**Exercise brief:**
Using the entries that follow, write out the line containing "Adakah Minuman Sederhana", the line containing "Д-р Фридрих Райхман, председатель", and every line between them, exactly and nothing else.
*** Opening Task inputs ***
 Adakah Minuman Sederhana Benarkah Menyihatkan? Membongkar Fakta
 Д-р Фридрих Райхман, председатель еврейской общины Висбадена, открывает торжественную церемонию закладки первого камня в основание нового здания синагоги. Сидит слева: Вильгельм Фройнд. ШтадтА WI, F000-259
*** Closing Task inputs ***
*** Opening Task inputs ***
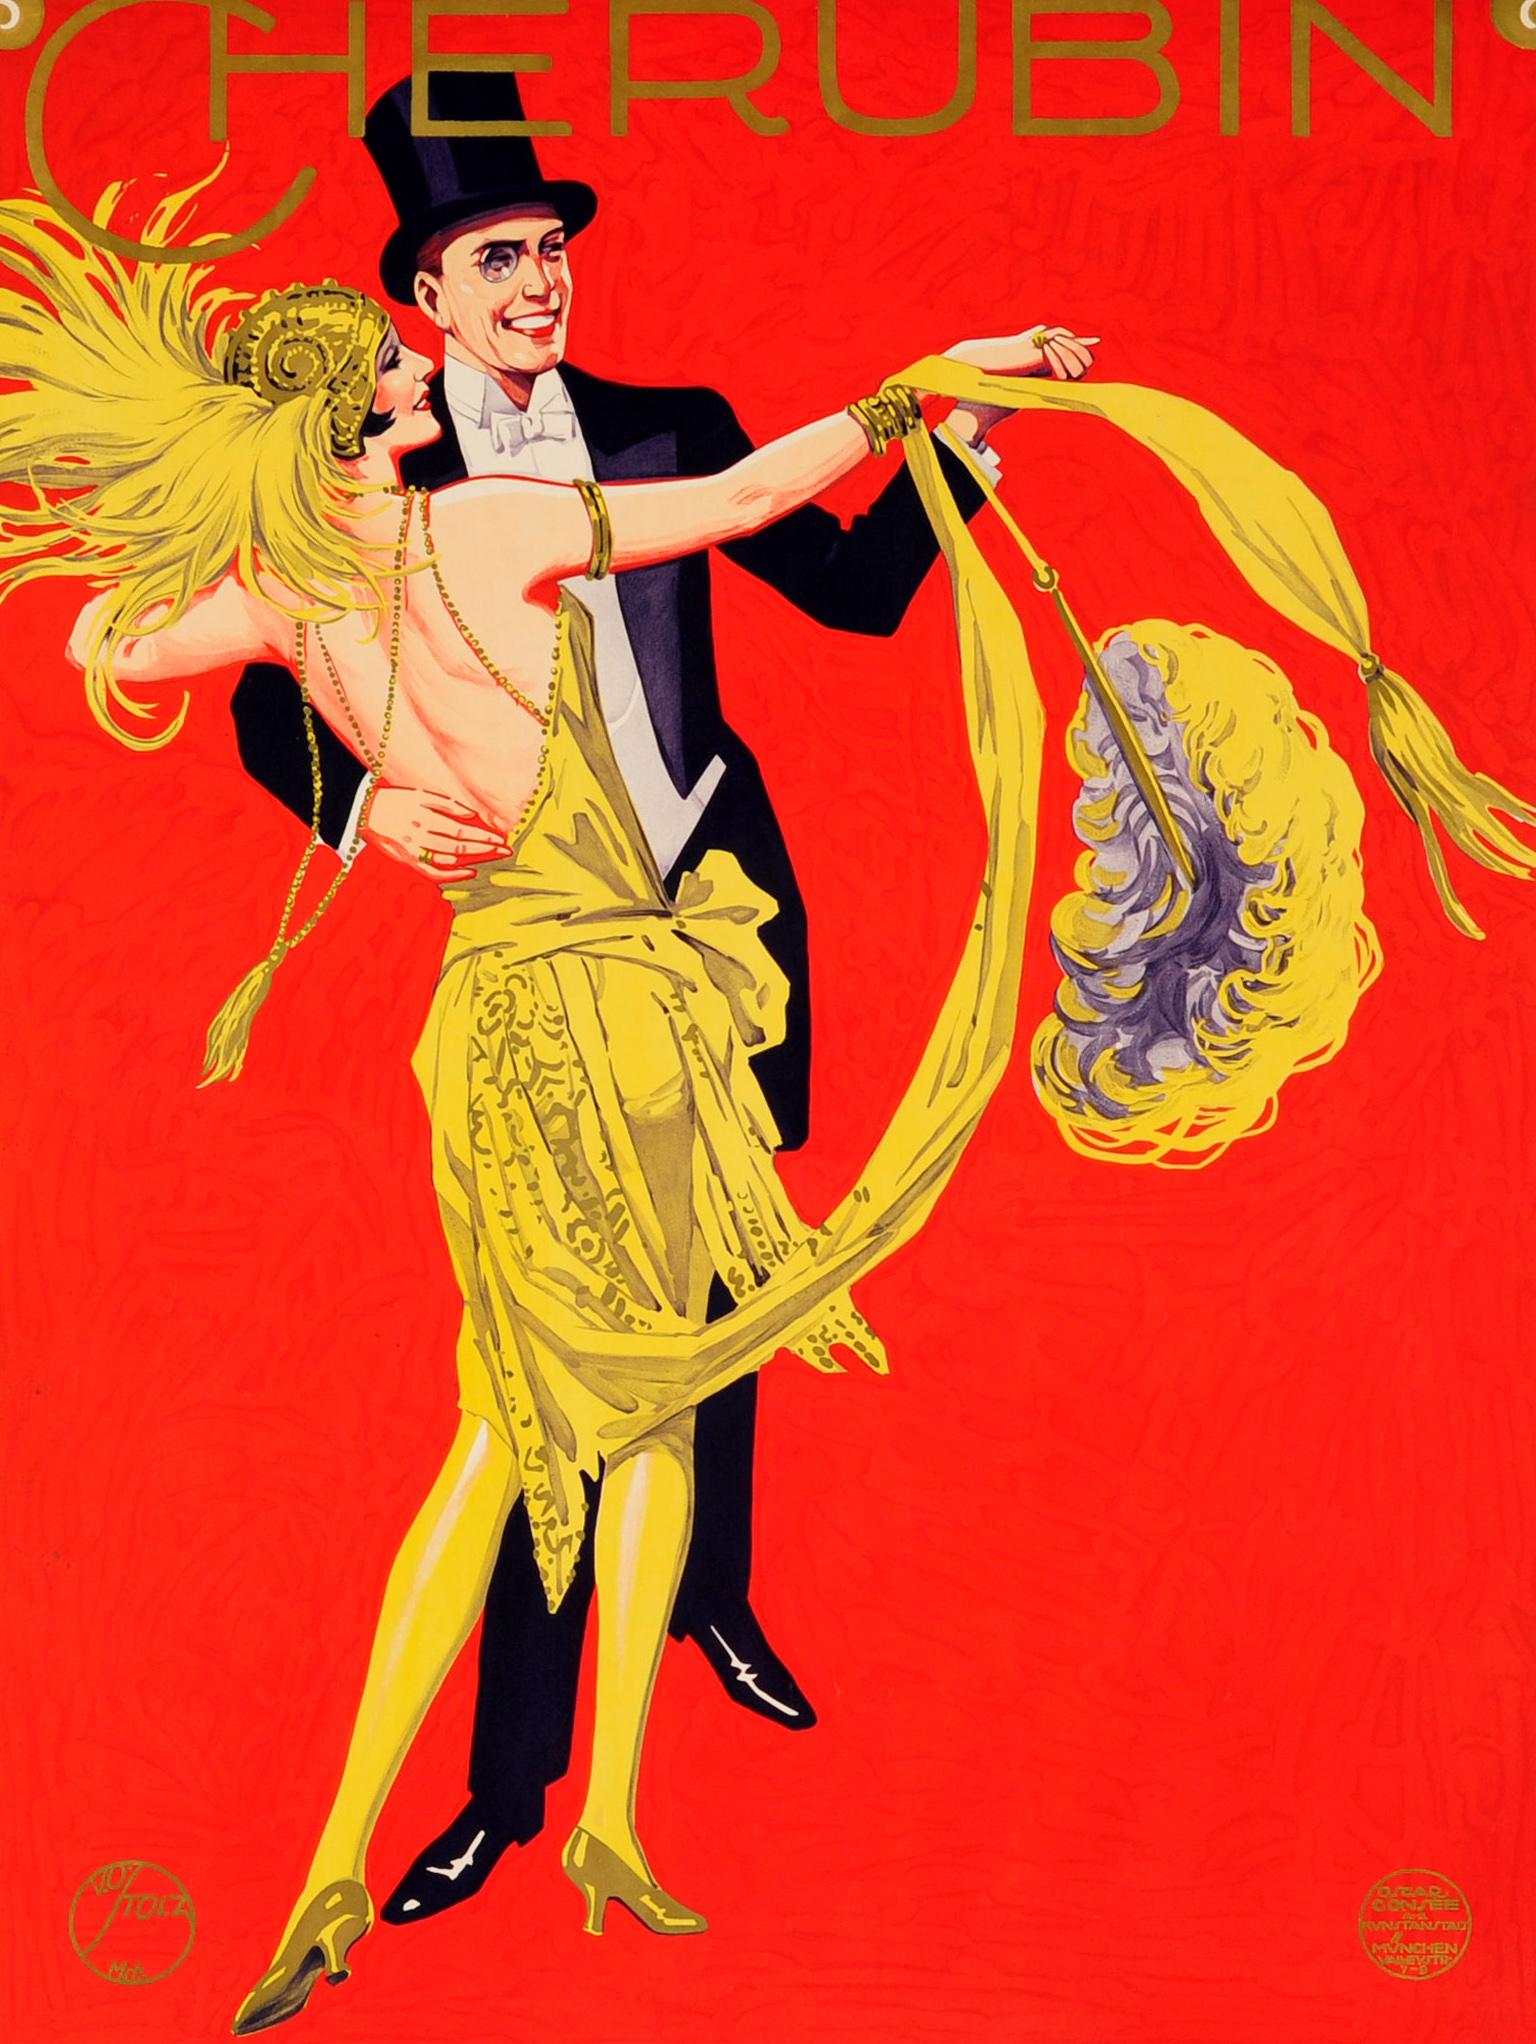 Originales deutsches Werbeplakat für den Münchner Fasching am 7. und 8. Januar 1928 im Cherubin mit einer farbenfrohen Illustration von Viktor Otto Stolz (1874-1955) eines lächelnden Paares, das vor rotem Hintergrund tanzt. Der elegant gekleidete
*** Closing Task inputs ***
**Response box:**
 Adakah Minuman Sederhana Benarkah Menyihatkan? Membongkar Fakta
 Д-р Фридрих Райхман, председатель еврейской общины Висбадена, открывает торжественную церемонию закладки первого камня в основание нового здания синагоги. Сидит слева: Вильгельм Фройнд. ШтадтА WI, F000-259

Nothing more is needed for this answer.